The High Cost of Dignity in Assisted Living Facilities

The High Cost of Dignity in Assisted Living Facilities

Nationally, rising costs and staffing shortages in assisted living facilities have raised alarm bells. Family members are worried about the sort of care that their loved ones receive at these homes. A recent survey from the Assisted Living Federation of America found that two-thirds of assisted living admins said they were currently facing moderate to high staffing shortages. At the same time, 90% of administrators reported having trouble hiring new staff, shedding light on a key challenge the industry is facing.

Charles Fraser’s experience underscores this troubling landscape. His time at a luxury assisted living community ran $11,000 a month. Every day, millions of families face a daunting cost when caring for the elderly in their families. This enormous financial investment does little to guarantee quality care and no dignity. Roxanne Crosby shared her frustrations: “Then they told me he needed $1,000 a day for private care on top of that.” These ancillary costs can be a barrier for families still dealing with the sticker shock of hefty registration fees.

The topography of the assisted living industry is not much clearer due to the confusing patchwork of regulations. The facilities are constrained by the narrow range of 350 licensing regulations that vary widely from state to state. Very few existing regulations are enforced or overseen. This complete lack of scrutiny raises many questions about what standards of care residents are receiving. Indeed, the average worker in assisted living makes about $15 per hour and works just under 36 hours per week. Such low wages frequently result in extreme turnover and subsequently leave many facilities understaffed.

Caregivers are a vital to the solution, but the training mandate is shockingly low. In reality, most only require a handful of hours of short-term training upon entering the workforce. Alarmingly, fewer than half of assisted living communities have a nurse on duty. This action further endangers the quality and continuity of medical care possible for the residents.

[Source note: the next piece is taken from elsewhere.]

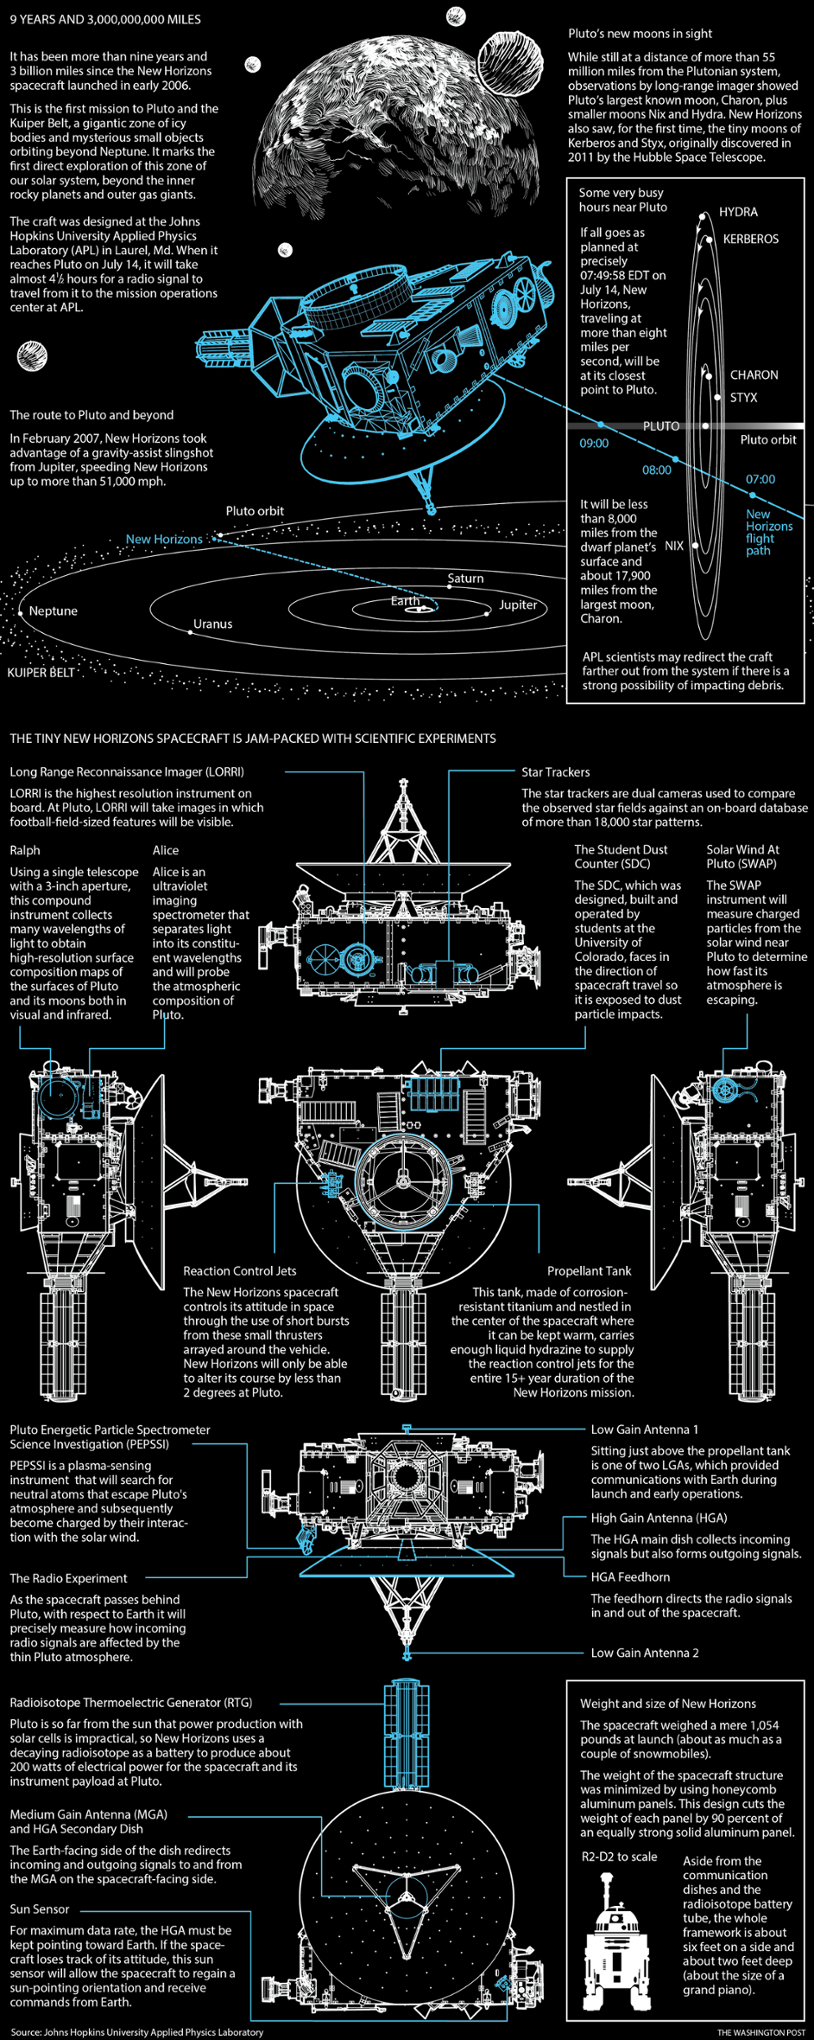 Los detalles de la sonda New Horizons y su misión. Crédito: Richard Johnson/Washington Post

Paula Carder, director of the Institute on Aging at Portland State University, identified the problem on an epic scale. She highlighted that the greatest challenge in the profession today is hiring and retaining qualified staff. She made it clear that the key to providing good quality care to residents is by supporting caregivers, and that starts with fully funding it.

In fact, the demographic makeup of those actually living in assisted living has changed over the past decade. Sheryl Zimmerman noted, “The people who live in assisted living now are people who would have been in nursing homes 20 years ago.” In the years since, as assisted living communities have grown more corporatized and politically connected, those interests have made making money off of patients—er, residents a top priority.

The fiscal consequences of this change are deep. Almost 1 in 5 residents in assisted living facilities rely on Medicaid to pay for their care. Note, though, that this help does not extend to paying for room and board. Plus, nursing homes have an incentive to hide their profits, given the heightened federal scrutiny of profits made by nursing homes. Almost three quarters of these private facilities siphon billions in taxpayer dollars through “related party transactions.” This funding would be better spent addressing staffing needs to ensure that critical care and services are provided.

Johanna Meneses, a passionate direct care worker at Twilight Gardens in Norwalk, Ohio, demonstrates the value of going the extra mile with her residents. The heart of long-term care, she feels, is in cultivating meaningful relationships with residents and their families. Cristina Flores echoed this sentiment, stating, “Long-term care is about creating relationships with residents and families, and really understanding what the person needs, what they do and don’t want in their lives.” Caregivers are voicing their frustration at not receiving the support they need from the top.

Richard Mollot highlighted a growing sentiment among seniors: “A lot of people tell me they’d rather die than go into a nursing home.” That fear points to an underlying big issue with the industry. As one family told us, facilities have a long track record of not delivering on their commitments. Kathryn Stebner remarked on the ethical implications involved: “It’s financial elder abuse to take their money and not provide what they say they will.”

Tony Chicotel pointed out an alarming trend: “Whether the ownership is a closely held corporation, a publicly traded corporation, real estate investment trust, or private equity, they’re all run by people with business degrees and not by people who are actually professional caregivers.” That movement towards privatization increasingly favors profits over people by putting corporate owners and bottom lines ahead of high-quality health care.